The most bizarre spec I ever had to comply with was supporting underground conduits. The engineer wanted the conduit that were run under the building concrete encased and supported from the slab above. We had to support the conduits on a unistrut rack set on bricks. We bent the rod over after the trench was poured, and it was tie wired to the rebar in the slab. Apparently this is a more common method for waste pipe with sandy soil and a high water table, at least the plumber said this was not the first time he had to do it. He also did not have to concrete encase.

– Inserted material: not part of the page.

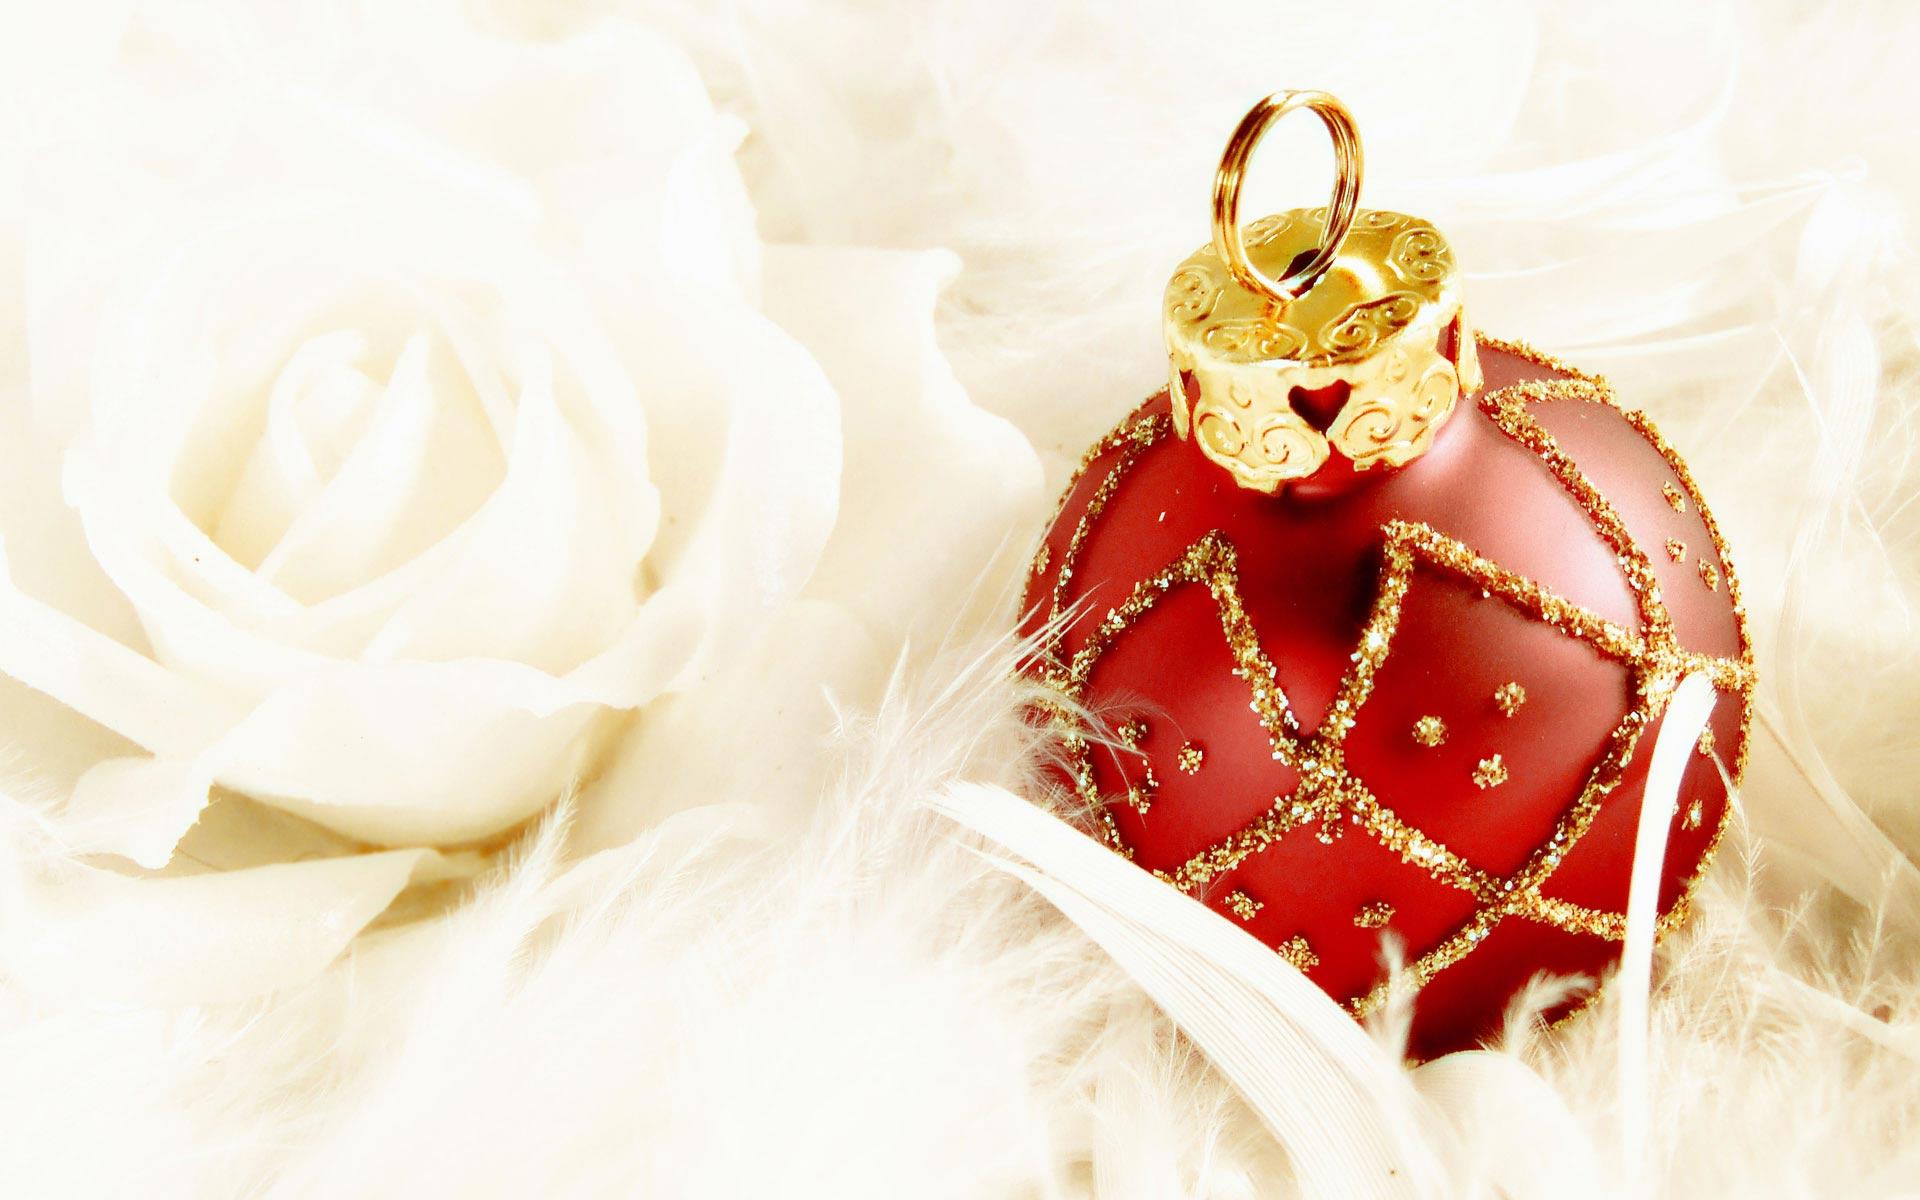 Sfondi Natale - Sfondo Natale Pallina

Other than that I have never supported underground conduit with nothing other than dirt.


----------



## KneePads (Mar 5, 2014)

I once had to install PVC in a 14" thick post tension floor. Most of the conduits were for kitchen island feeds which were easy but I had eight apartment units that had exposed ceilings and had to rough in lighting boxes and power conduits in the PT deck. This would have been fairly simple but the engineer cam out and told us that our conduits had to all be in the middle of the slab. So we had to elevate and support our conduit at 7" off the bottom form. We used the stands that the rebar guys used to elevate. It was a huge pain in the a$$. When the inspector came out he asked me why we elevated the conduit and just chuckled and said good luck. The day of the pour the concrete guys broke 4 conduits before the concrete even started to pour. Luckily I made the architect sign off liability, I told her I could almost guarantee that we are going to loose a conduit when concrete gets poured and will have to run wiremold. 4 of the units ended up with wiremold.


----------